Only Belknap will be eliminated from the list moving forward to the Nov. 5 election because of his decision to withdraw, she said.

Although Belknap turned in his letter withdrawing from the election on Monday, Corriveau said there was no way to legally remove him from the primary ballots already established under the candidate declaration and certification process.

“I called the state but there is nothing that can be done,” Corriveau said. The Board of Canvassers has received the paper ballots for the primary to be mailed out to those filing for absentee and paper ballots and is already sending them out, she said.

Belknap’s name appears second on the listing for City Council below incumbent Christopher Beauchamp. Also on the ballot after Belknap are incumbent Albert G. Brien, Eric R. Cartier, incumbent Marc A. Dubois, Kathryn M. Dumais, Richard J. Fagnant, incumbents Daniel M. Gendron and Roger G. Jalette Sr., Garett S. Mancieri, Anita Ann McGuire-Forcier, incumbent Robert R. Moreau, Melissa A. Murray, Christopher M. Roberts, and incumbent John F. Ward.

Corriveau said the ballots for the Nov. 5 election have not yet been prepared, and Belknap will be removed from the council contest. All remaining 14 candidates will be listed on the ballot as vying for the seven available seats to be elected, she noted.

In his letter to the Board of Canvassers, Belknap indicated he researched the issue of whether he could take a seat on the Council if elected, and as a result, “It is with regret I am withdrawing myself as a candidate for the elected position of City Council.”

When contacted about his decision Wednesday, Belknap said he had found as a result of research and a related legal opinion an attorney that R.I. General Law 17-1-5.1 would bar him from taking the council seat if he did win in November or require him to give up his current employment as a daytime maintenance worker at the Bernon Heights Elementary School. He could choose to file a legal challenge to the state rule, but that would result in legal costs and also a potential delay in the seating of the new council, he said.

“I just didn’t want to be a stumbling block to the process, and there would have to be a legal challenge,” he said.

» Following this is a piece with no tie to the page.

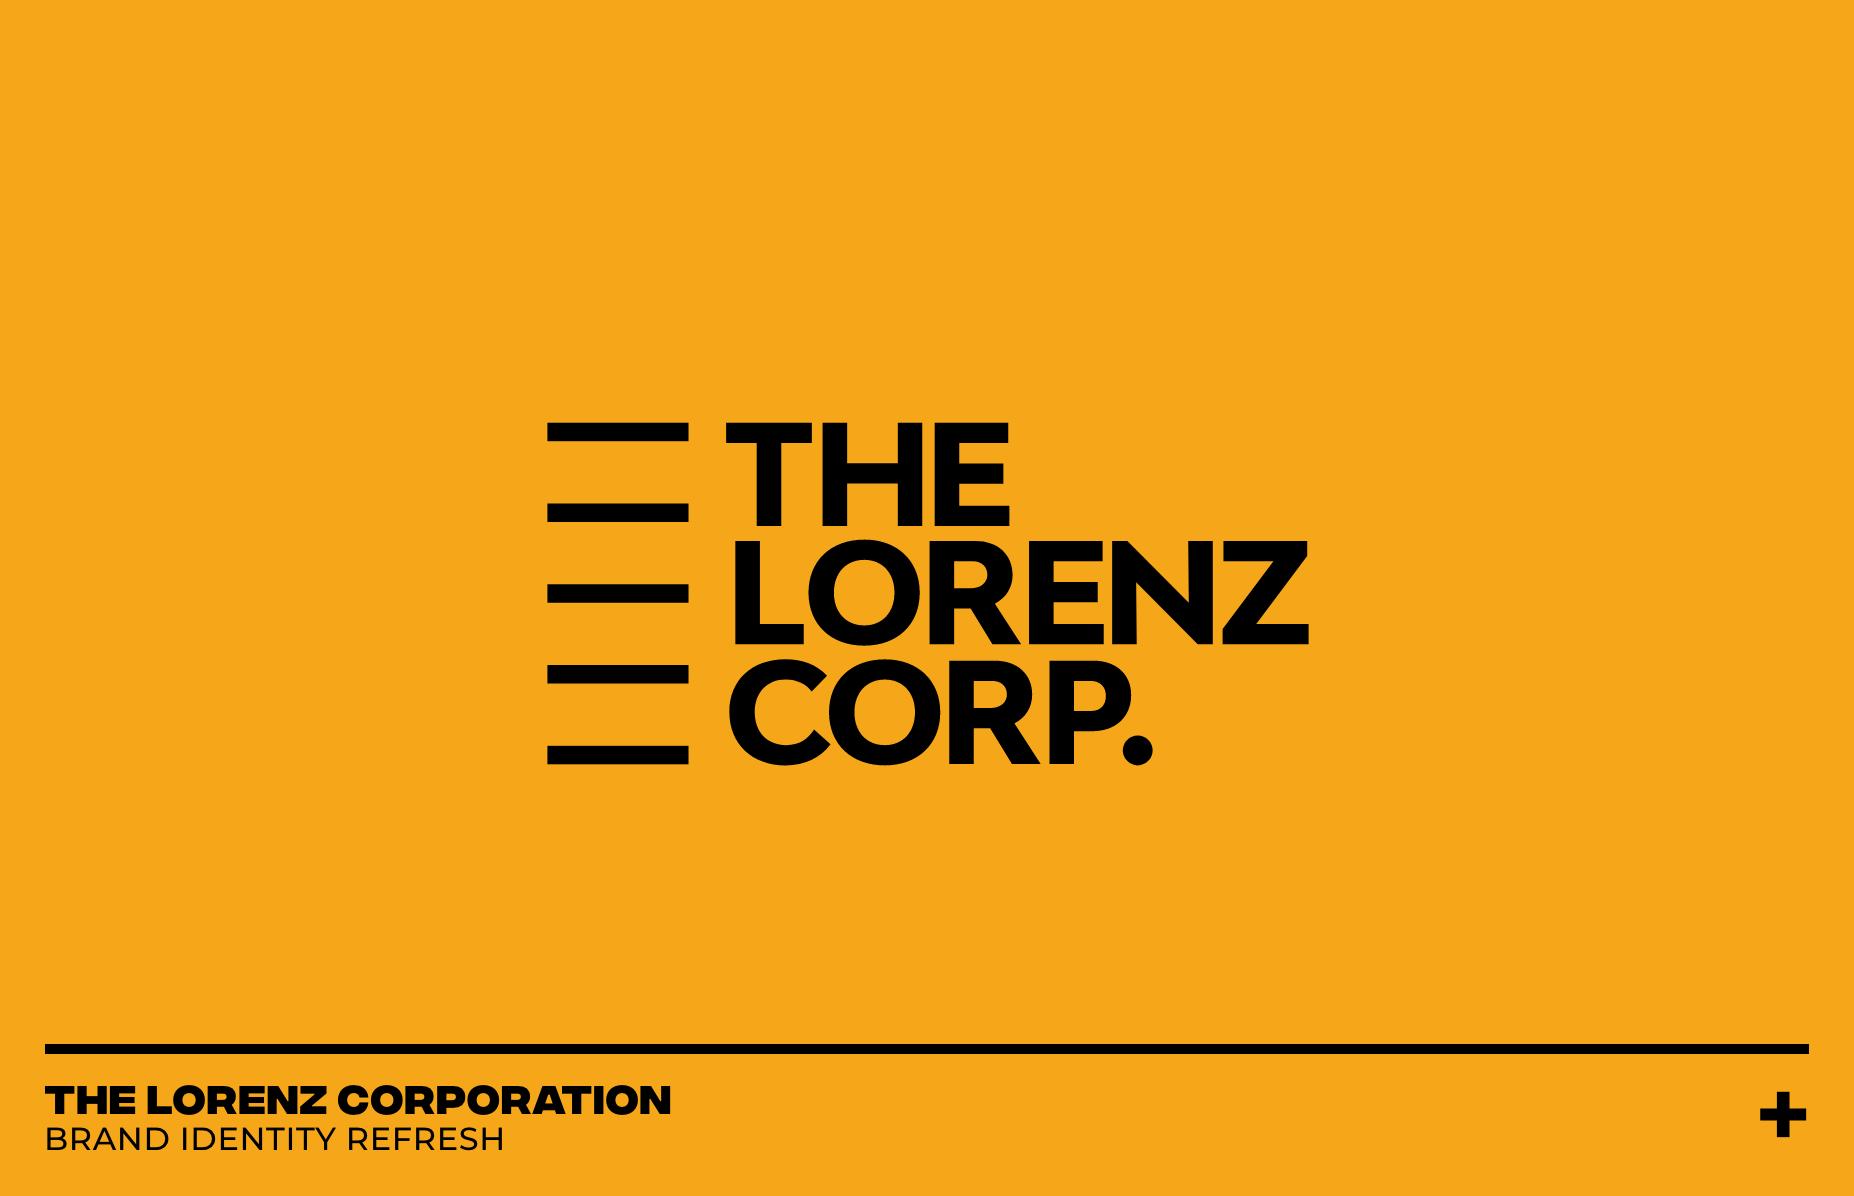 Lorenz Corp
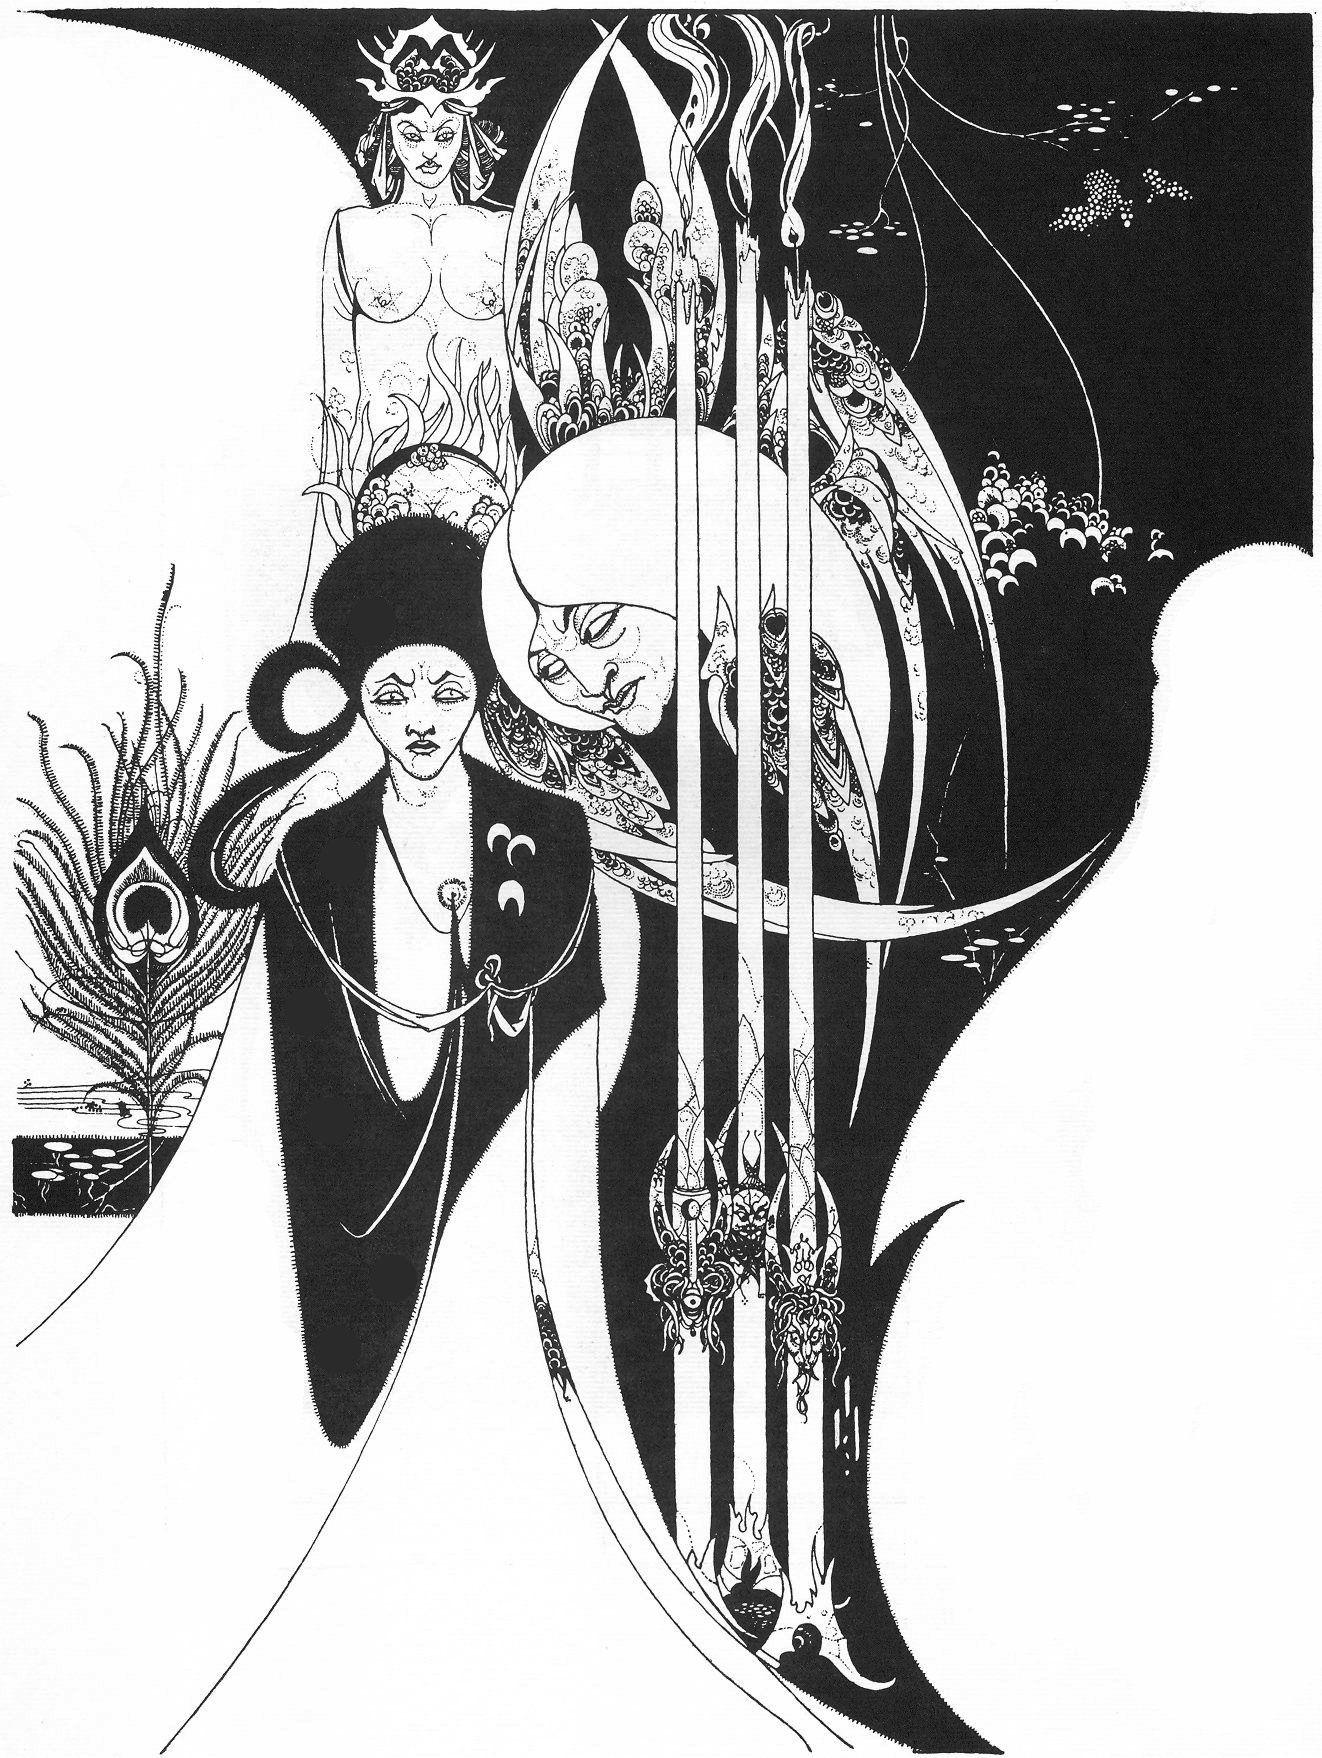 Project 5: Art Nouveau Style Classic Book Cover Inspiration (Aubrey Beardsley)

Belknap said he did not have the option of giving up his School Department job, and does not expect that he could retire from it for a number of years.

The problem is the state election law barring a school or municipal employee from being elected to a post in the community in which they work, he noted.

“Basically, you can be a state senator or a state representative and hold municipal office in your community, but you can’t be a city employee or a School Department employee,” he said.